In this episode, we’re diving into one of personal growth’s biggest paradoxes—why you’re not seeing the transformation you crave, even though you’re doing everything right. You’ve taken the courses, r...
Episode Transcript
The biggest problem with loving personal development
Here's one of the biggest problems someone who loves personal development is going to face. You've completed three, maybe more, personal development courses in the past year alone. You have your eye on five more you're excited about. You really feel like you're getting somewhere, learning so much - the tools, the techniques, the strategies that all the people you look up to have used to become successful.
But for some reason you can't figure out why you're not seeing the massive strides in your business, your relationships, or your health that the techniques are promising you. At the start of each course there's a picture of what should happen, the results you should get, and you've probably seen a bit of a difference - some small changes that make you feel like you're going somewhere. But you've completed every single course, dotted the i's, crossed the t's, didn't miss a single episode, and you haven't been getting the results you feel like you should be getting.
So what do we do? We look for the next course. Maybe it just wasn't the right one for me, maybe it was too advanced, maybe I need something more unique to me. And we go on this cycle of learning and learning, feeling great about ourselves because we know all the things these successful people know. We think, I know all the stuff, so my success is bound to come, there's nothing else I have to do, I'm doing everything right.
But after a few years you really start to question what's going on, because you're doing everything right and you're still not seeing the changes you want - not the massive income jumps, not the love of your life, not the body you desire. If that feels like you, this episode is going to explain exactly why that's happening, and the biggest pitfall people - even me, when I was going through my own phase of learning and learning - fall into. No one else talks about this.
Information isn't the problem
We're so conditioned to believe that information is power. It's such a common belief that when it doesn't work, we don't know what to do - that should have been it. Because think about it: if information is power, or even potential power as I also hear it, and you're not someone who takes a course and never applies it - maybe that's happened once or twice, but not consciously - you're someone who applies what you learn. You want to make your life better, you tweak your routines, you stay disciplined, you do all of these things. So when you still don't see the results, it's not the information, and it's not that you're not applying it. What else could it be?

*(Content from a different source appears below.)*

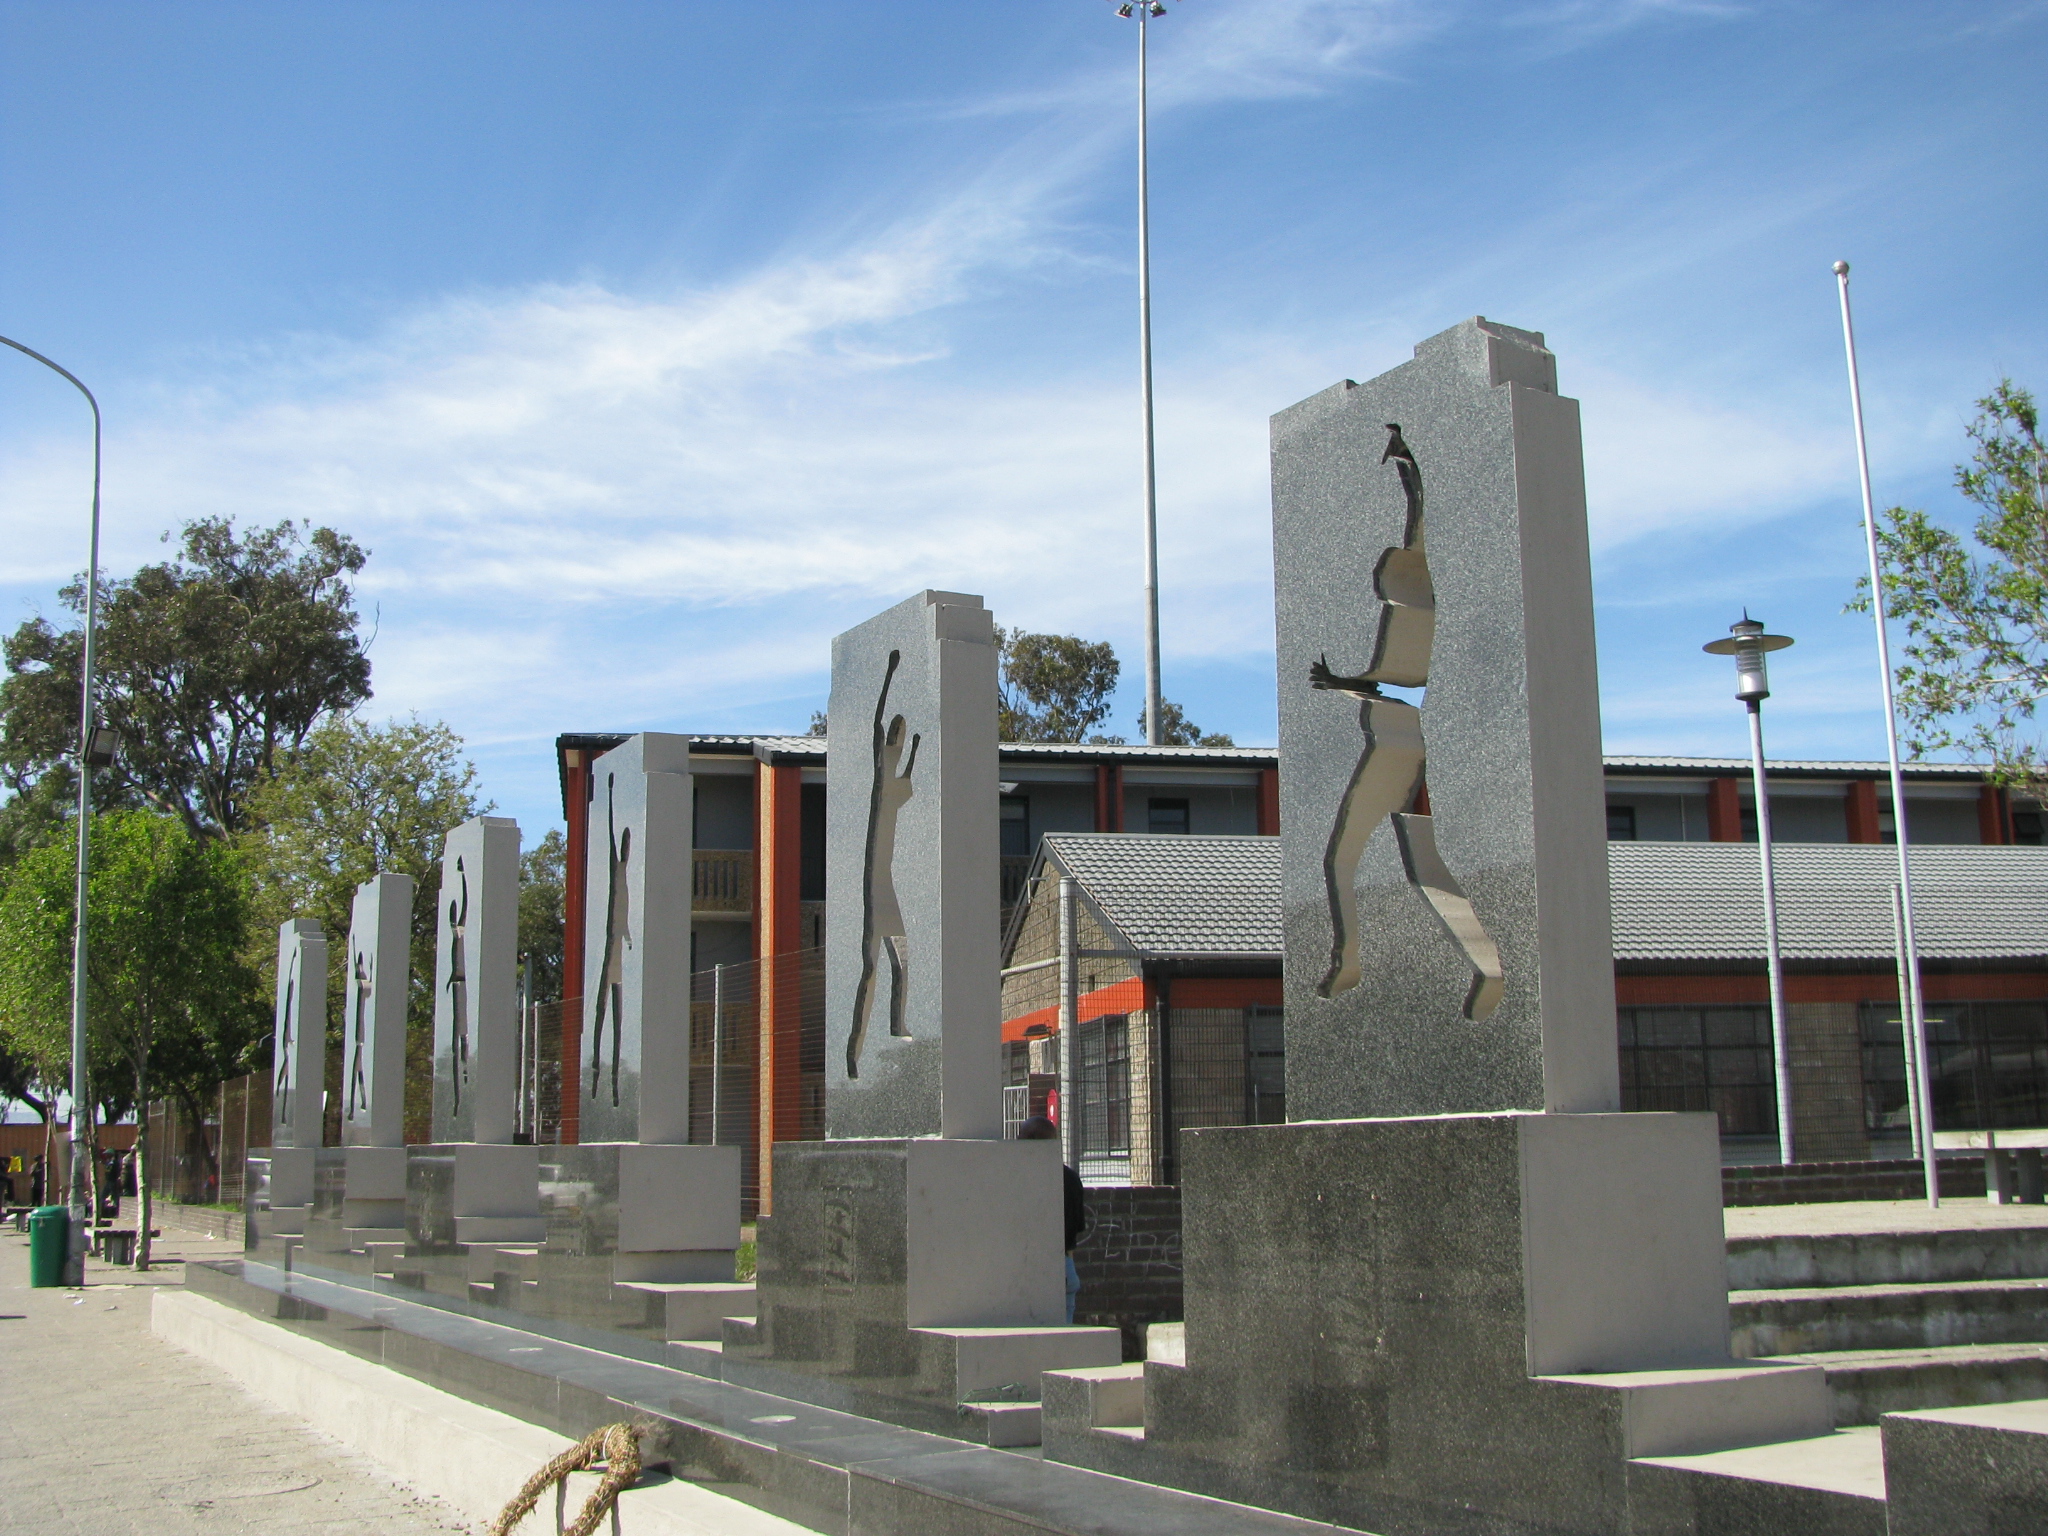 A monument to the Gugulethu Seven, killed by apartheid police

Here's the reason: information and application are two separate skills. This goes back to school, where we're taught what to learn - maths, science, history - but not how to learn it effectively. We carry that problem forward into our own personal growth. We find courses with all the content of what we should be doing, but they never actually tell us how we should be doing it. That's where people get stuck.
You can learn as much as you want, even apply it, but because you haven't developed the skill of how to apply it - and I don't mean repetition, I mean how to apply something effectively to get results - you may have broken a course or book down into a routine you do every single day, and still not get results. You've invested the money to buy the program, the time to learn it properly, and the time to break it down into routines - it's hard not to feel like you're the problem, because what else is there?
The actual knowledge is fine - it's what these people taught or used themselves to become successful, so you can't really doubt the knowledge. Which leaves only one more variable: the application of knowledge. This is the skill set people don't train themselves in, the same way they train themselves how to learn or how to lift weights. We don't know how to train ourselves to act effectively, so we always get the same result. Application becomes a very big bottleneck for a lot of us.
If this resonates with you, know it's not your fault. We've been conditioned since school what to learn, not how to learn, so it's very difficult to bridge the gap of how to apply things effectively. Fear of failure, fear of rejection, fear of success all come into the mix, and we subconsciously bottleneck how we apply the information we learn.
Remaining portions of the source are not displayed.